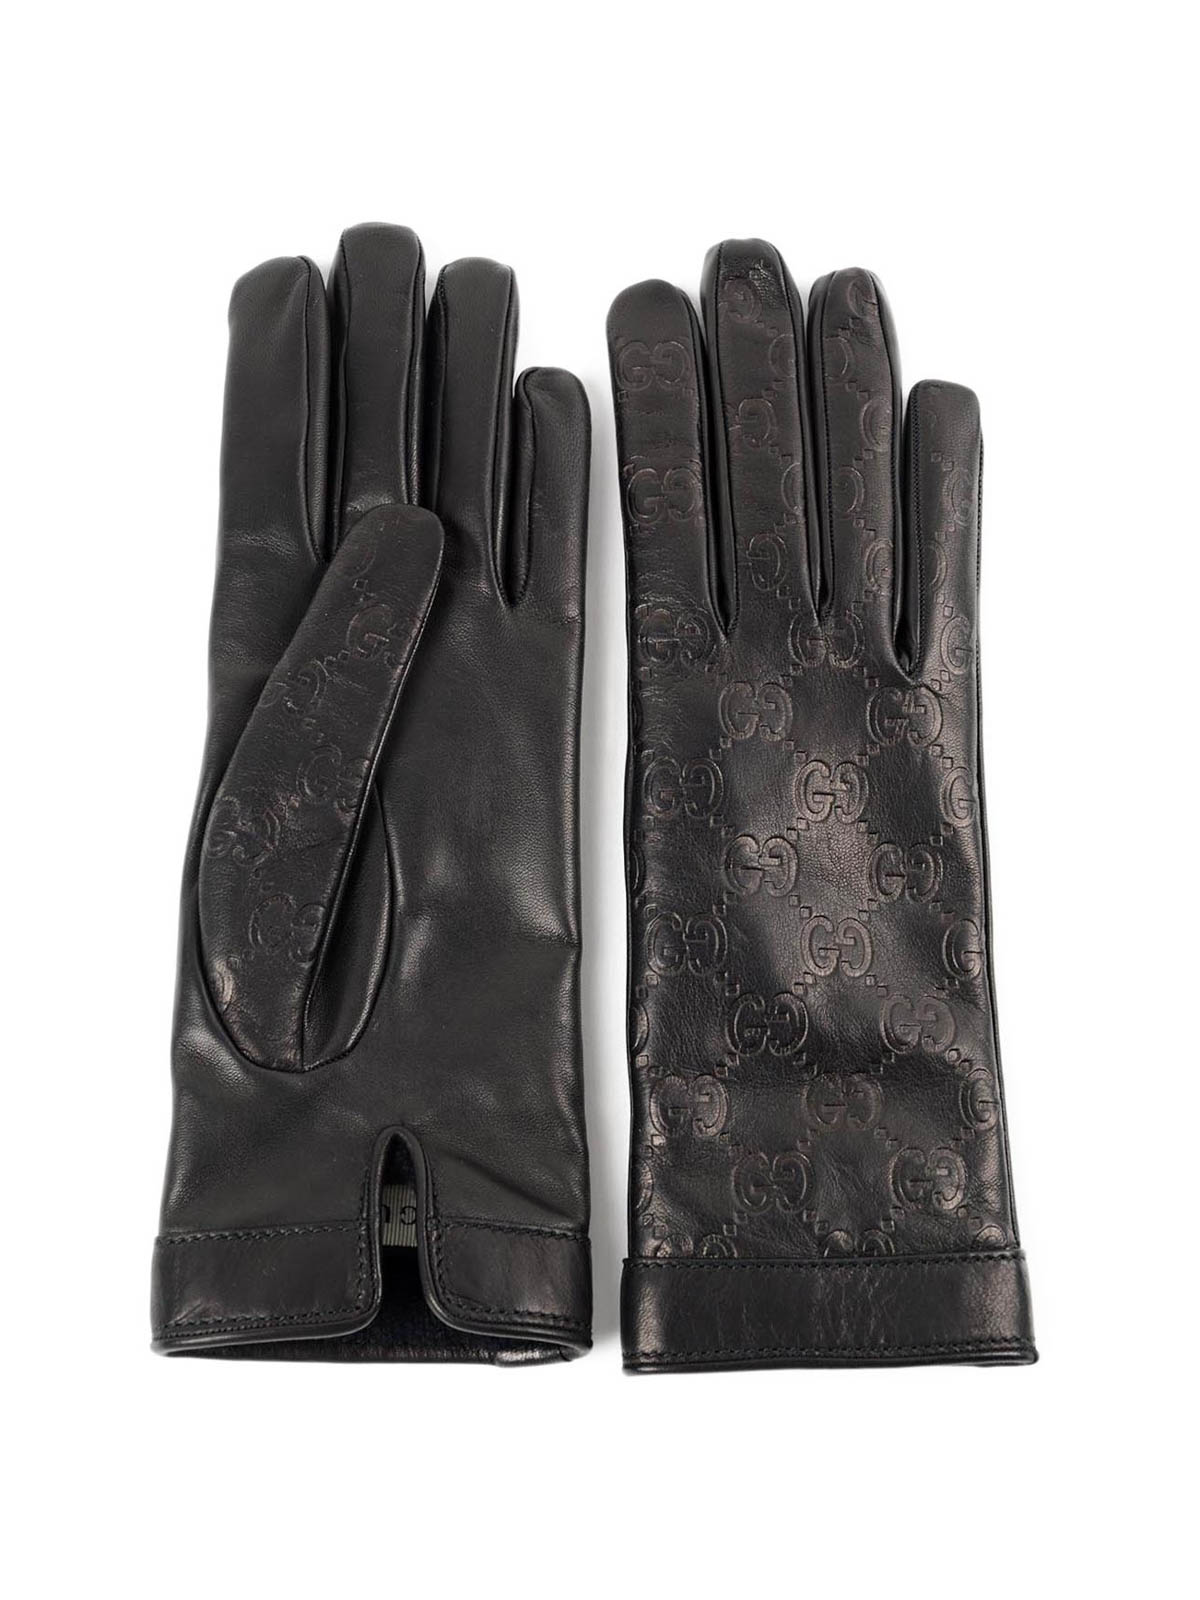 Gloves Gucci - Leather GG gloves - 436104B65001000 | Shop online at iKRIX
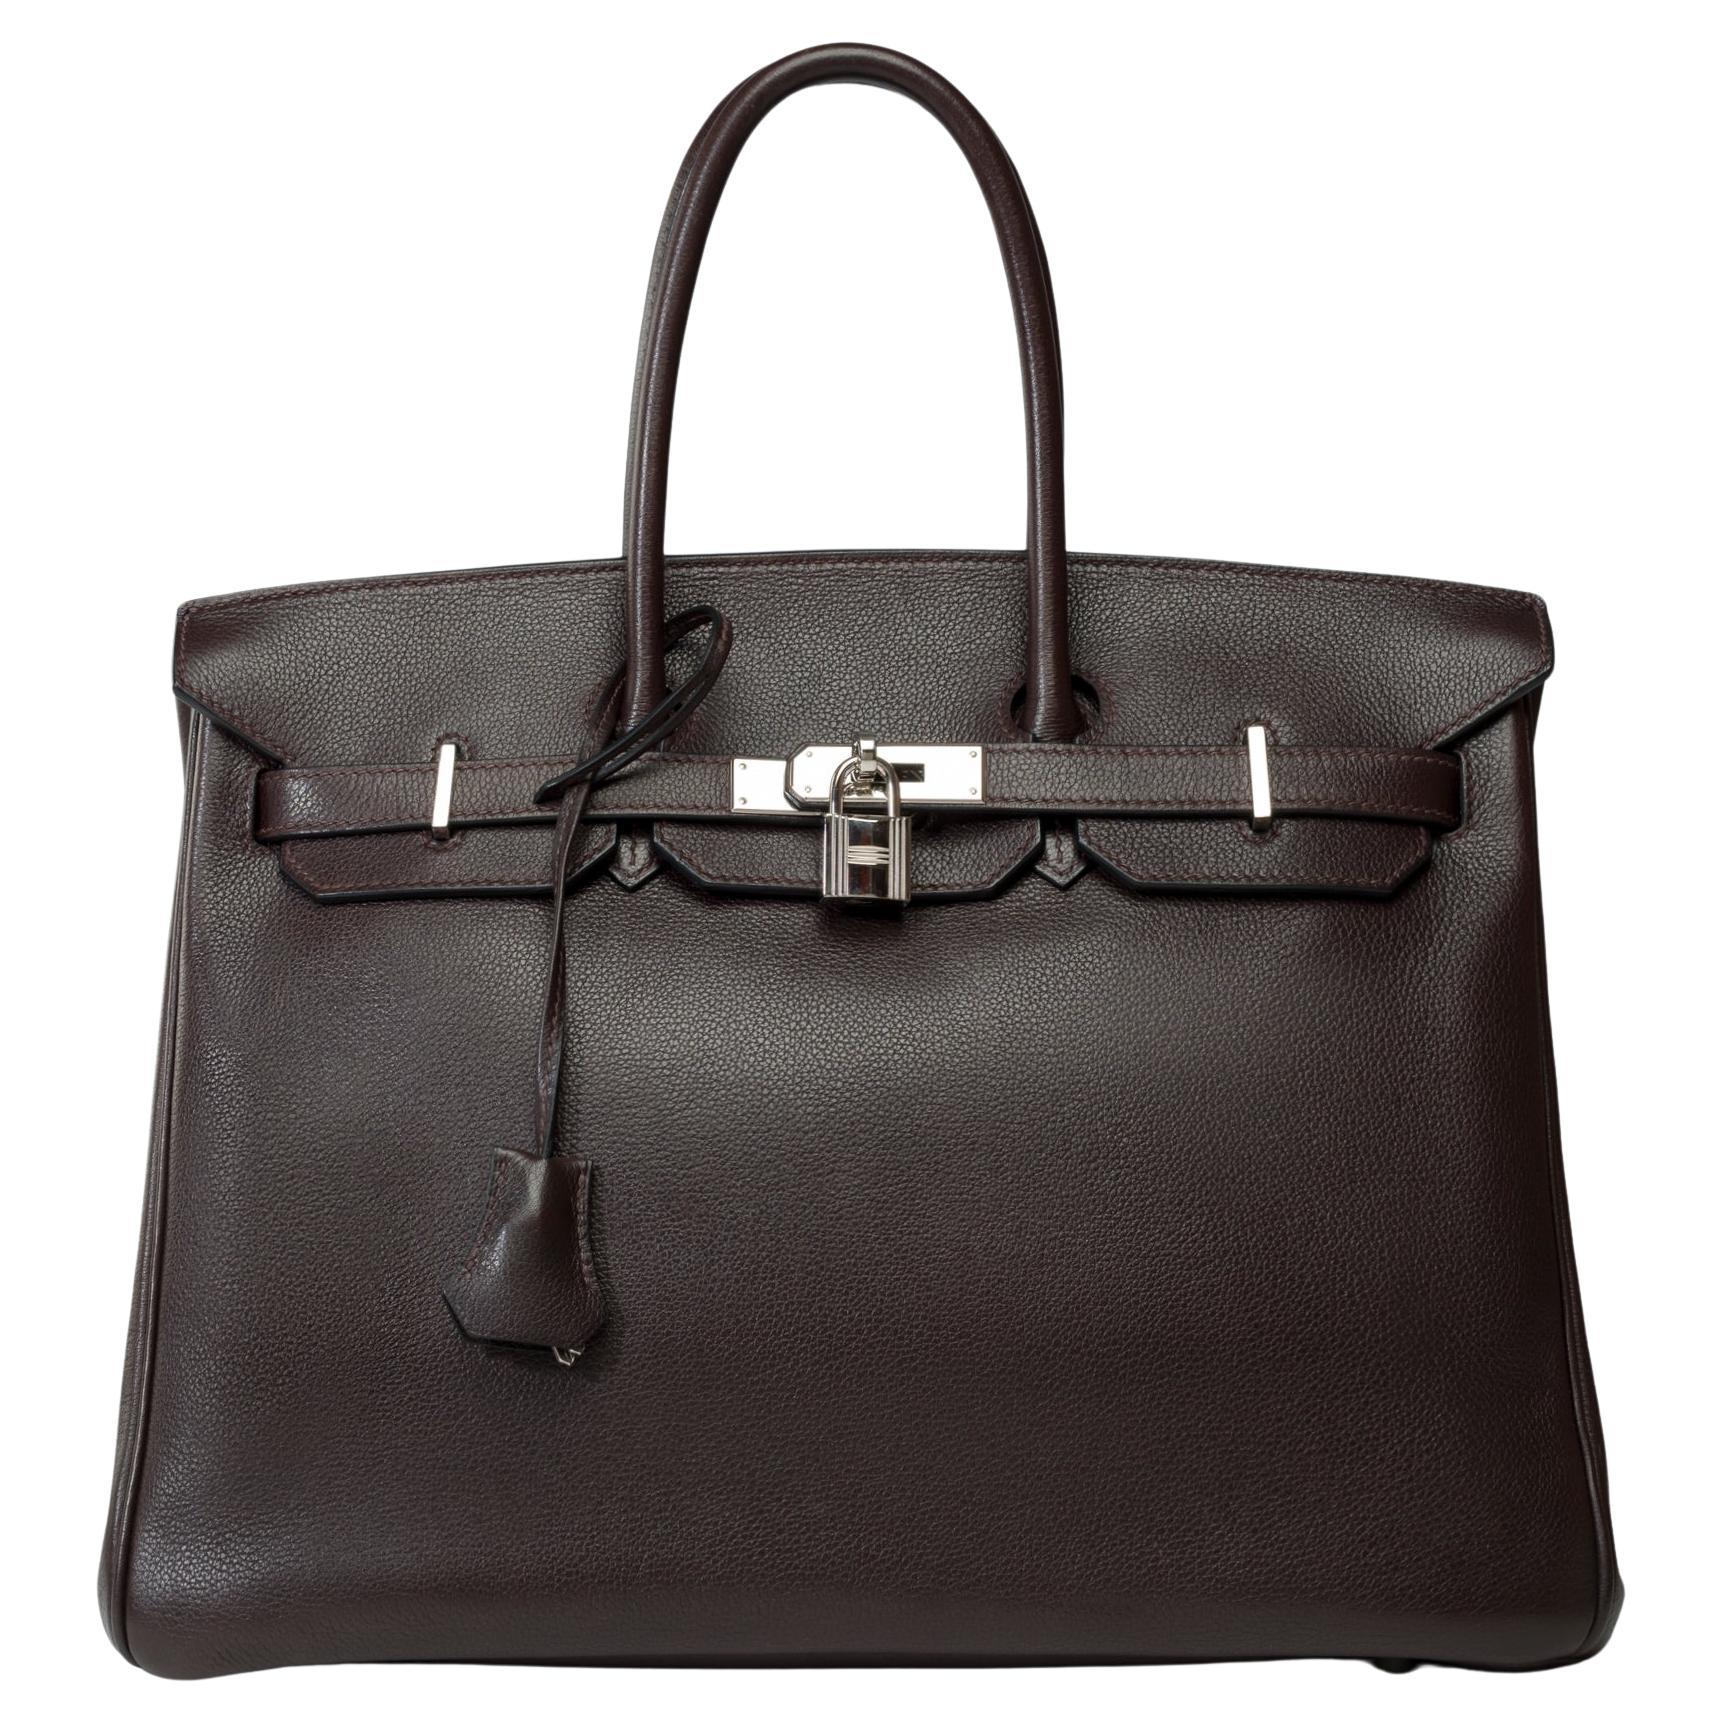 Amazing Hermès Birkin 35 handbag in grained calf leather Evergrain brown , SHW For Sale
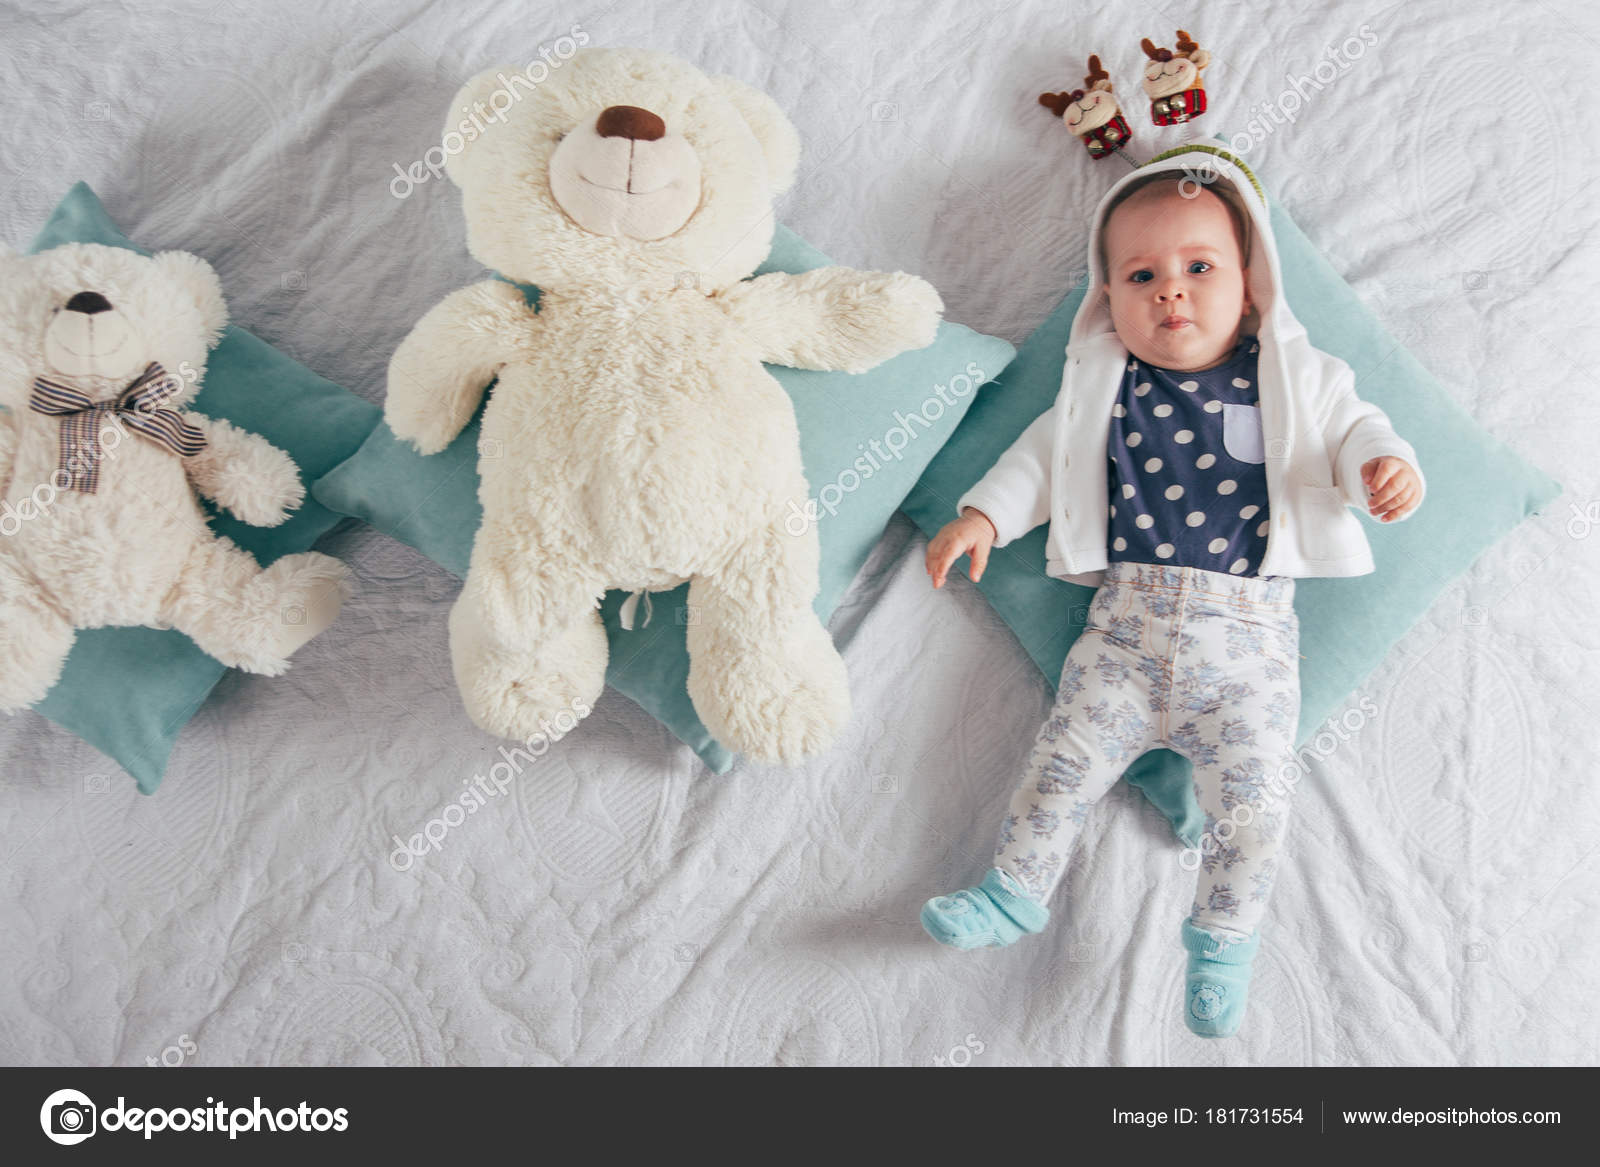 teddy bears for baby girls

**EXERCISE INSTRUCTIONS:** Beginning with the line that holds "Amazing Hermès Birkin", write out exactly the lines down to the end of the material above, and no others. Pictures are not part of the copy.

**RESPONSE TO THE TASK:**
 Amazing Hermès Birkin 35 handbag in grained calf leather Evergrain brown , SHW For Sale
 teddy bears for baby girls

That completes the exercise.